When you say that we are not tending reality in some way, I “see” the
garden of our home (Earth) not being nurtured in a way that promotes
generative growth that is sustainable. (This goes back to the etymological root
of the word “coalesce” that you refer to in the words “synchronic coalescence,”
which means “to grow, to nourish”.) Part of the process of tending the garden
also includes tending the dream world in order to connect with the SOTD and
receive guidance on how to relate to the “living energy.” It is an important
relationship to tend in order to maintain the vitality of life itself.
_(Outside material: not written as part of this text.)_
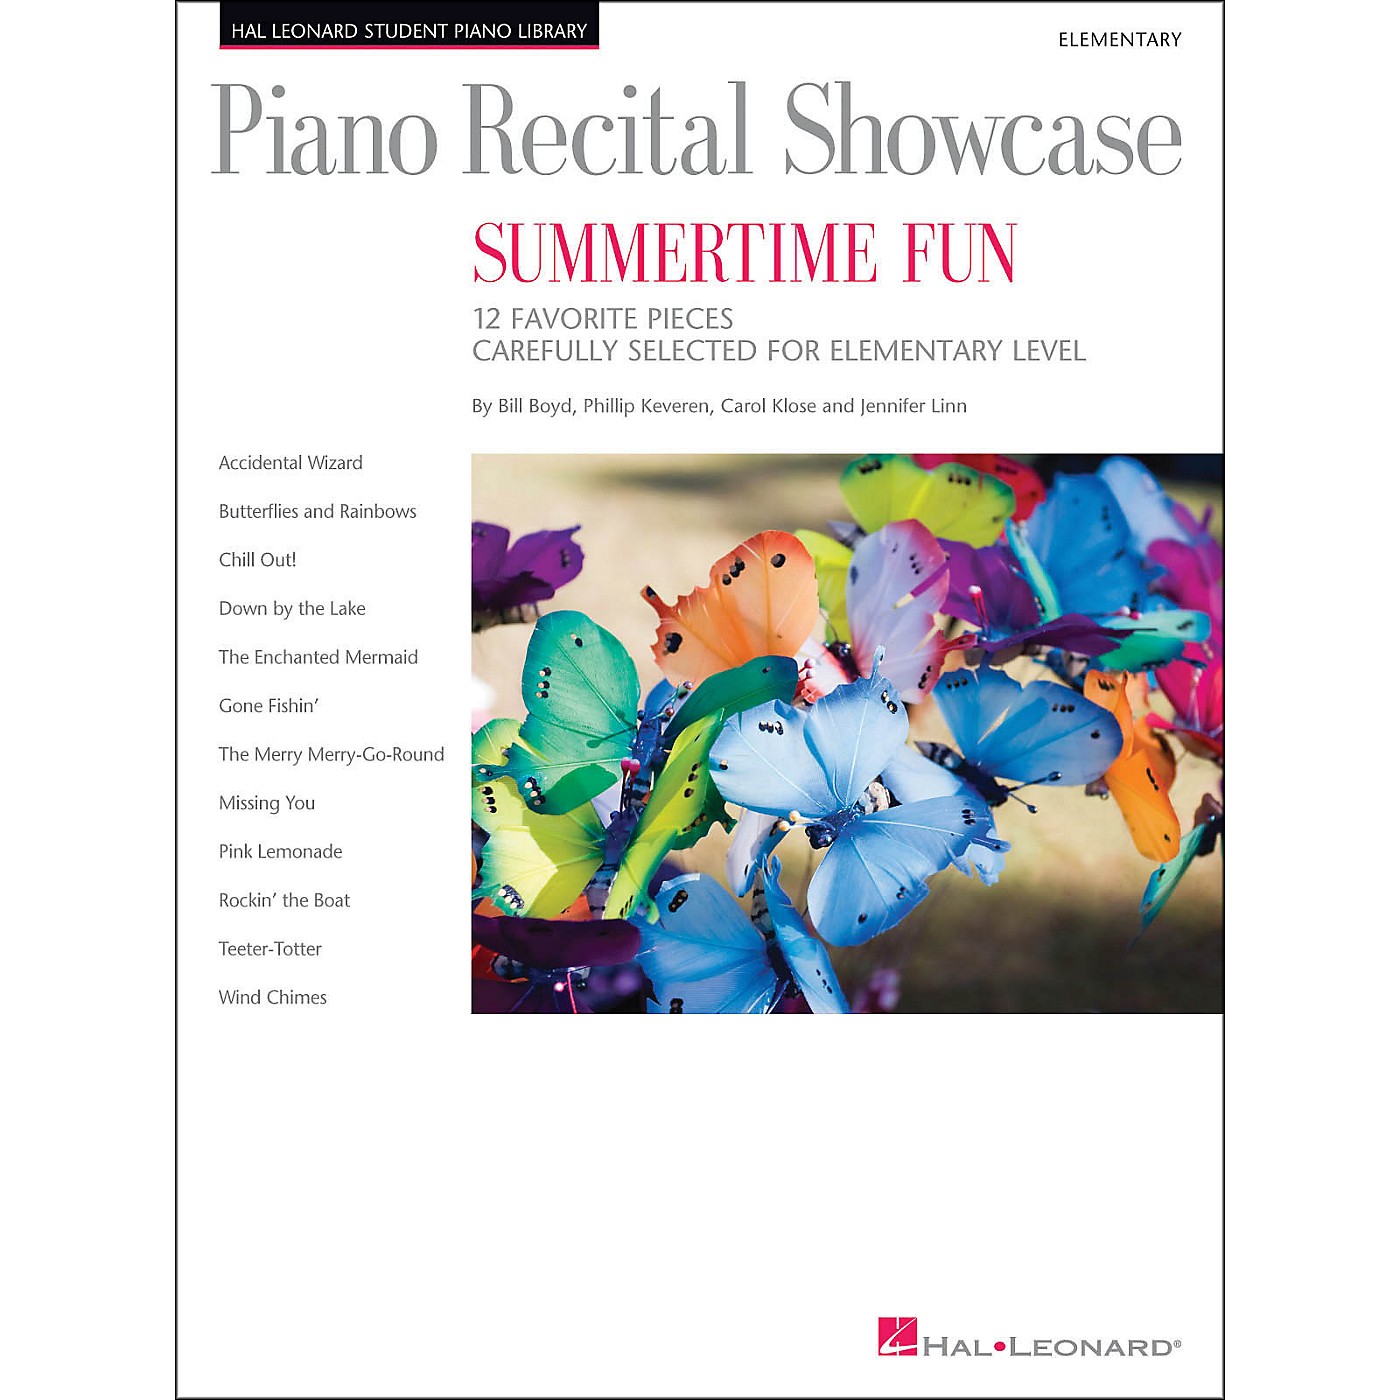 Hal Leonard Piano Recital Showcase - Summertime Fun - Elementary Level Book thumbnail

The garden as metaphor, as well as symbol for the unconscious, is one
that provides a context within which to cultivate a mindset along with
attitudes that allow engagement with the “living energy” in a positive and
generative way. With all the destruction around us in the world at this time, it
is a daunting task to take on. The transformation of the darkness and
suffering that is occurring now is an enormous undertaking that requires
developing the ability to cherish all life and caring for it in a loving way, while
confronting the shadow. The garden as a microcosm of life provides an
example of the interrelated connections that sustain it as a whole. The
question now, I believe, is can we and how do we open ourselves up to the
necessary task at hand in a heartfelt way that restores our connection to life.
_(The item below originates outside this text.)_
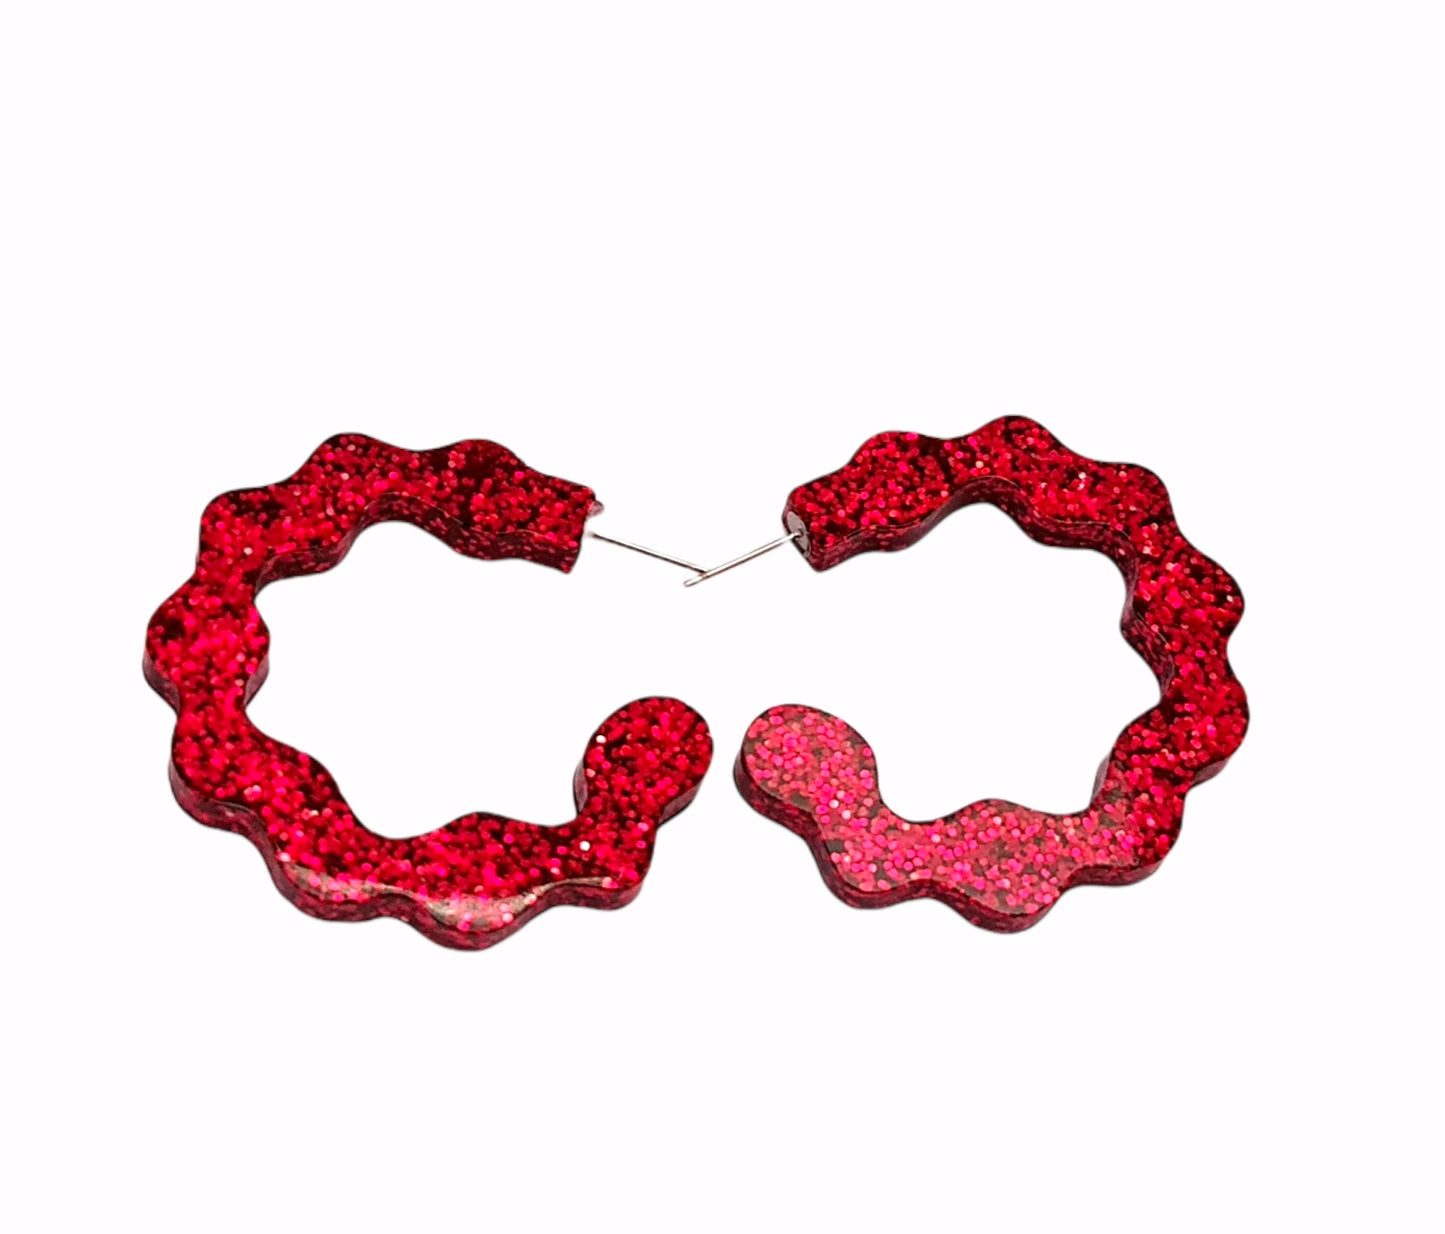 Large Wave Hoops Stud Earrings, Red Glitter, Resin Dangle Statement Earrings, Unique Design, Modern, Lightweight

Without this basic connection, humanity as a species is doomed and the Earth
is in peril. Even though there are many who are aware of the gravity of what is
occurring and are working to turn the tide around, as you and Paco say, it may
well be too late.
NOTE: Russ, I have been mentally and emotionally grappling with the
question you have posed for the last two weeks. It has led to several intense
conversations in our household about the nature of what is occurring in the
world today. I am sure that my brain synapses are all tangled up as a result of
all this reflection and conversation.
When I first read the SOTD, there were some aspects that struck me as
first impressions. As I began to write about these impressions, the words
came together as thoughts trying to respond in an organized and coherent
manner. But then something happened when I began to “see” into the
question. I saw the garden image and that led the words in a different
direction. After writing about the garden image, what I wrote seemed too
simplistic a notion for addressing the dark complexity of what is occurring in
the world now. Yet, the metaphor seemed to plant itself in me, so I followed
up with some preliminary research.
I began by reading a couple of articles in a Parabola issue that is
focussed on the garden theme. One article was about alchemy and the garden,
while another is focussed on the imaginal world and the garden. There are
several more articles to read with varied perspectives on the garden in
spiritual traditions. I also found some information on the Internet regarding
books on the garden and soul, and the garden and individuation, on the L.A.
Jung Institute site. It seems that the garden is connected to the great
archetype of life. So there is great potency in this image on various levels.
I had been working on a response to your post on “synchronic
coalescence” when I received the SOTD writing. Because of its strong impact
on me, I decided to respond to it first. So I will be back tracking to the first
post and most likely connecting it to what I have written here.